I'd like to put out a proposal for changing the way that the setsockopt() function handles the max socket buffer setting.

Currently, it's a bit unintuitive that socket send and receive buffers (SO_RCVBUF & SO_SNDBUF) can not actually be set to the kern.ipc.maxsockbuf value, even though it is described as being possible in the man page: https://www.freebsd.org/cgi/man.cgi?query=setsockopt&sektion=2

This is because setsockopt() will error out if the value passed is over the _adjusted_ maximum, which on my system (amd64) turns out to be something like kern.ipc.maxsockbuf * 0.889 (kern.ipc.maxsockbuf * (1 << 11) / (256 + (1 << 11)) = kern.ipc.maxsockbuf * (2048) / (2304)).

see here:
https://github.com/freebsd/freebsd/blob/master/sys/kern/uipc_sockbuf.c#L420
and here:
https://github.com/freebsd/freebsd/blob/master/sys/kern/uipc_sockbuf.c#L63-L64

I believe that the behavior could be made more intuitive by checking if the value passed is under the _actual_ max before erroring out, and if it is under the actual max, then set it to the adjusted max and continue the function, this would be a simple change and would look something like this (apologies for the whitespace diffs): https://github.com/sparrc/freebsd/commit/157f90c55d1d54d33f41c6f7517de1a9c5f5e229

FWIW, the linux kernel takes it a step further by never failing if setting the buffer over the maximum.

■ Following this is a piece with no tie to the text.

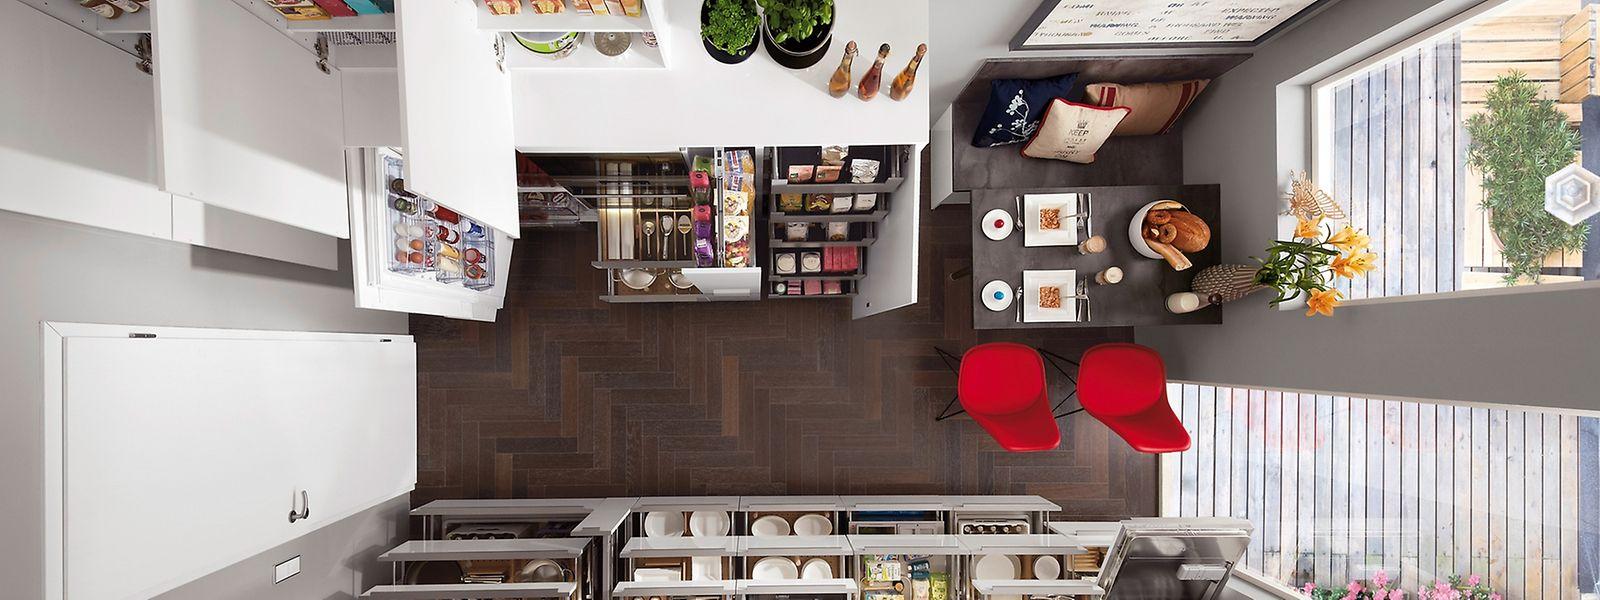 Berühmt Schubladenausziehführung Platzierung Küche Galerie - Ideen ...

It just takes whatever value it's given and sets it to min(given_value, max_value). see here: https://github.com/torvalds/linux/blob/master/net/core/sock.c#L762-L768. Not saying this is a good option, just pointing out that there is a precedent for doing something like this.

I would be happy to make this change and submit a patch to phabricator if approved.

Thanks all,
Cameron
Comment 1 Allan Jude freebsd_committer 2015-11-10 21:41:47 UTC
I have run into this, but never understood why it happened, just worked around it.

in openssh-portable with HPN enabled, I tried to use '-oTcpRcvBuf=4M' to increase the socket buffer size to receive large ZFS replication streams more quickly. Of course, with kern.ipc.maxsockbuf set to 4M, this fails, I have to use 3.5M or something.

This patch would seem to solve that. Thank you.

The biggest question is, why can't I actually use a sockbuf for 4M?
Comment 2 Cameron Sparr 2015-11-10 21:55:09 UTC
I don't quite understand the purpose of the adjusted max either, but changing that could have much larger ramifications.
Comment 3 Enji Cooper freebsd_committer 2015-11-10 22:47:08 UTC
Reassigning to -net@
Comment 4 Hiren Panchasara freebsd_committer 2015-11-10 23:54:42 UTC
I am not sure about the linux way but the first part looks okay to me. I am no expert here so adding Robert and Gleb for their inputs.
Comment 5 Kubilay Kocak freebsd_committer freebsd_triage 2015-11-11 11:44:39 UTC
@Cameron, if you could get a changeset up on reviews. that would be great. Feel free to replace the URL field value in this issue with the review URL once it's up.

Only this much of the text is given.